Protect the contents of the TDP MMU roots list with RCU in preparation
for a future patch which will allow the iterator macro to be used under
the MMU lock in read mode.

Signed-off-by: Ben Gardon <bgardon@google.com>
---

Changelog
v2:
--	add lockdep condition for tdp_mmu_pages_lock to for_each_tdp_mmu_root
--	fix problem with unexported lockdep function
--	updated comments in kvm_host.h

 arch/x86/include/asm/kvm_host.h | 21 +++++++---
 arch/x86/kvm/mmu/tdp_mmu.c      | 69 +++++++++++++++++++--------------
 2 files changed, 55 insertions(+), 35 deletions(-)

diff --git a/arch/x86/include/asm/kvm_host.h b/arch/x86/include/asm/kvm_host.h
index 99778ac51243..e02e8b8a875b 100644
--- a/arch/x86/include/asm/kvm_host.h
+++ b/arch/x86/include/asm/kvm_host.h
@@ -1050,25 +1050,36 @@ struct kvm_arch {
 	bool tdp_mmu_enabled;
 
 	/*
-	 * List of struct kvmp_mmu_pages being used as roots.

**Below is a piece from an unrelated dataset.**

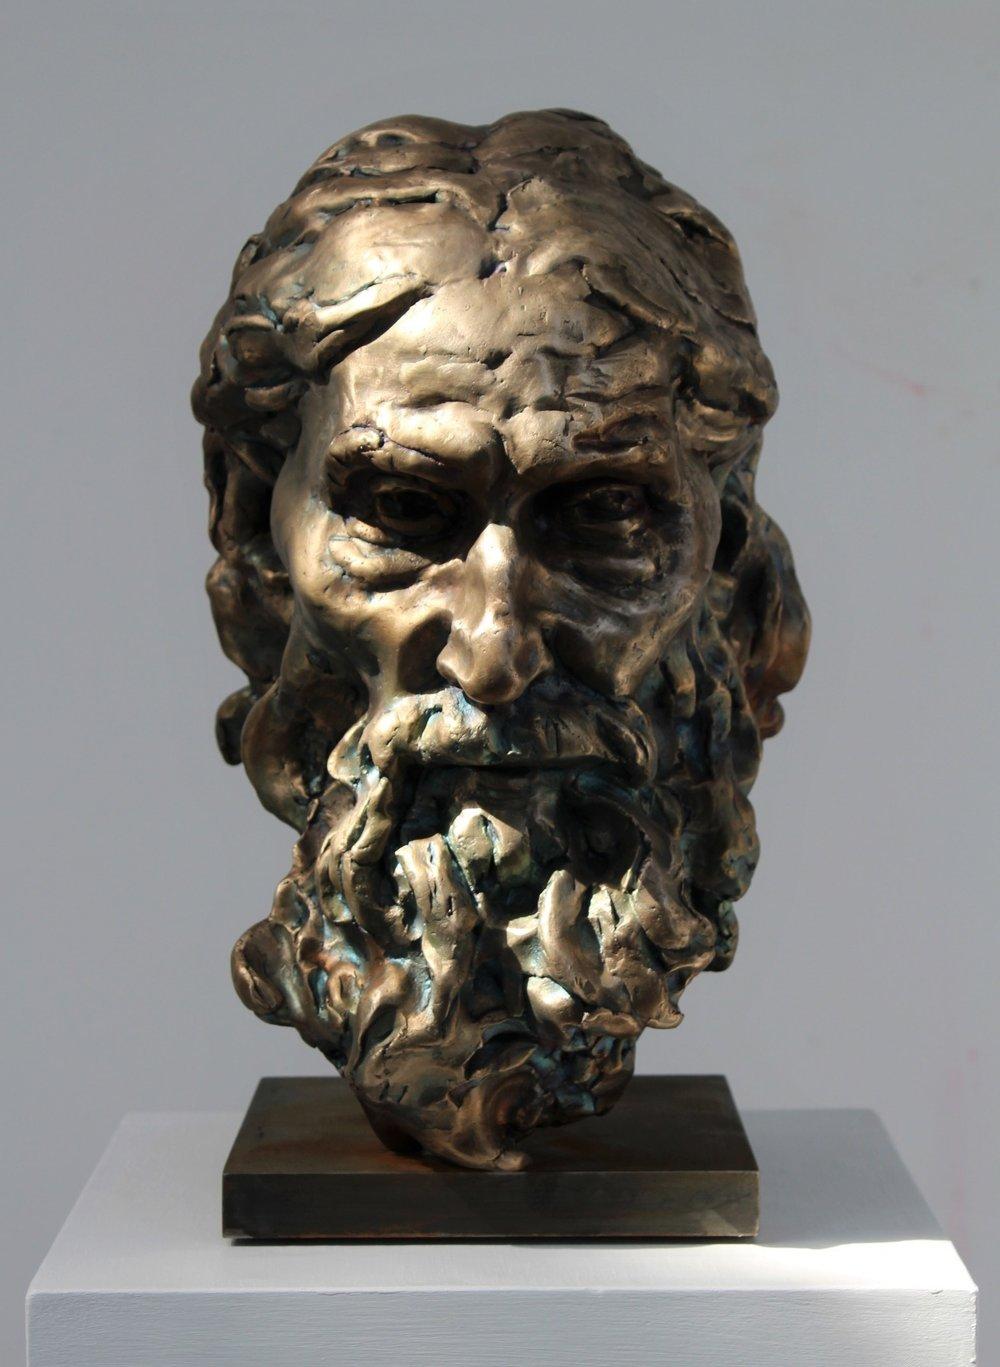 'After Rodin', bronze, 2014

+	 * List of struct kvm_mmu_pages being used as roots.
 	 * All struct kvm_mmu_pages in the list should have
 	 * tdp_mmu_page set.
-	 * All struct kvm_mmu_pages in the list should have a positive
-	 * root_count except when a thread holds the MMU lock and is removing
-	 * an entry from the list.
+	 *
+	 * For reads, this list is protected by:
+	 *	the MMU lock in read mode + RCU or
+	 *	the MMU lock in write mode
+	 *
+	 * For writes, this list is protected by:
+	 *	the MMU lock in read mode + the tdp_mmu_pages_lock or
+	 *	the MMU lock in write mode
+	 *
+	 * Roots will remain in the list until their tdp_mmu_root_count
+	 * drops to zero, at which point the thread that decremented the
+	 * count to zero should removed the root from the list and clean
+	 * it up, freeing the root after an RCU grace period.
 	 */
 	struct list_head tdp_mmu_roots;
 
 	/*
 	 * List of struct kvmp_mmu_pages not being used as roots.

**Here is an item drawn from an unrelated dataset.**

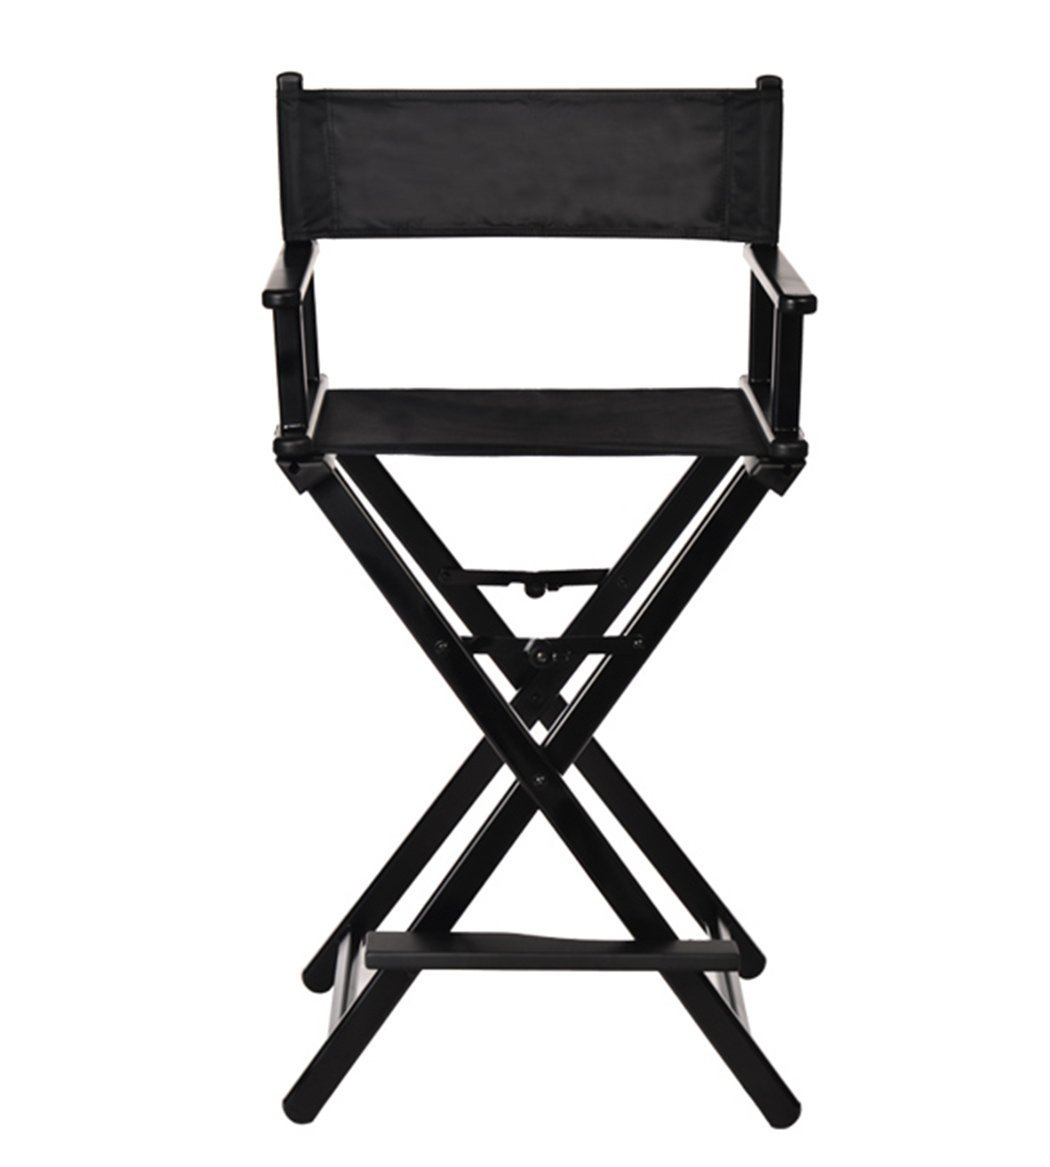 Gracelove Aluminum Frame Makeup Artist Director's Chair Foldable Professional

 	 * All struct kvm_mmu_pages in the list should have
-	 * tdp_mmu_page set and a root_count of 0.
+	 * tdp_mmu_page set and a tdp_mmu_root_count of 0.
 	 */
 	struct list_head tdp_mmu_pages;
 
 	/*
 	 * Protects accesses to the following fields when the MMU lock
 	 * is held in read mode:
+	 *  - tdp_mmu_roots (above)
 	 *  - tdp_mmu_pages (above)
 	 *  - the link field of struct kvm_mmu_pages used by the TDP MMU
 	 *  - lpage_disallowed_mmu_pages
diff --git a/arch/x86/kvm/mmu/tdp_mmu.c b/arch/x86/kvm/mmu/tdp_mmu.c
index 886bc170f2a5..c1d7f6b86870 100644
--- a/arch/x86/kvm/mmu/tdp_mmu.c
+++ b/arch/x86/kvm/mmu/tdp_mmu.c
@@ -50,6 +50,22 @@ static void tdp_mmu_free_sp(struct kvm_mmu_page *sp)

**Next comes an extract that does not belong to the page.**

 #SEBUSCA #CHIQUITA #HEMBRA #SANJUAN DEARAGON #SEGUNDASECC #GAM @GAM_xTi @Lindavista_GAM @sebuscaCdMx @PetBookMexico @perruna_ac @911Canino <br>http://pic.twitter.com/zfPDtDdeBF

 	kmem_cache_free(mmu_page_header_cache, sp);
 }
 
+/*
+ * This is called through call_rcu in order to free TDP page table memory
+ * safely with respect to other kernel threads that may be operating on
+ * the memory.
+ * By only accessing TDP MMU page table memory in an RCU read critical
+ * section, and freeing it after a grace period, lockless access to that
+ * memory won't use it after it is freed.
+ */
+static void tdp_mmu_free_sp_rcu_callback(struct rcu_head *head)
+{
+	struct kvm_mmu_page *sp = container_of(head, struct kvm_mmu_page,
+					       rcu_head);
+
+	tdp_mmu_free_sp(sp);
+}
+
 void kvm_tdp_mmu_put_root(struct kvm *kvm, struct kvm_mmu_page *root)
 {
 	gfn_t max_gfn = 1ULL << (shadow_phys_bits - PAGE_SHIFT);
@@ -61,11 +77,13 @@ void kvm_tdp_mmu_put_root(struct kvm *kvm, struct kvm_mmu_page *root)
 
 	WARN_ON(!root->tdp_mmu_page);
 
-	list_del(&root->link);
+	spin_lock(&kvm->arch.tdp_mmu_pages_lock);
+	list_del_rcu(&root->link);
+	spin_unlock(&kvm->arch.tdp_mmu_pages_lock);
 
 	zap_gfn_range(kvm, root, 0, max_gfn, false, false);
 
-	tdp_mmu_free_sp(root);
+	call_rcu(&root->rcu_head, tdp_mmu_free_sp_rcu_callback);
 }
 
 /*
@@ -82,18 +100,21 @@ static struct kvm_mmu_page *tdp_mmu_next_root(struct kvm *kvm,
 
 	lockdep_assert_held_write(&kvm->mmu_lock);
 
+	rcu_read_lock();
+
 	if (prev_root)
-		next_root = list_next_entry(prev_root, link);
+		next_root = list_next_or_null_rcu(&kvm->arch.tdp_mmu_roots,
+						  &prev_root->link,
+						  typeof(*prev_root), link);
 	else
-		next_root = list_first_entry(&kvm->arch.tdp_mmu_roots,
-					     typeof(*next_root), link);
+		next_root = list_first_or_null_rcu(&kvm->arch.tdp_mmu_roots,
+						   typeof(*next_root), link);
 
-	while (!list_entry_is_head(next_root, &kvm->arch.tdp_mmu_roots, link) &&
-	       !kvm_tdp_mmu_get_root(kvm, next_root))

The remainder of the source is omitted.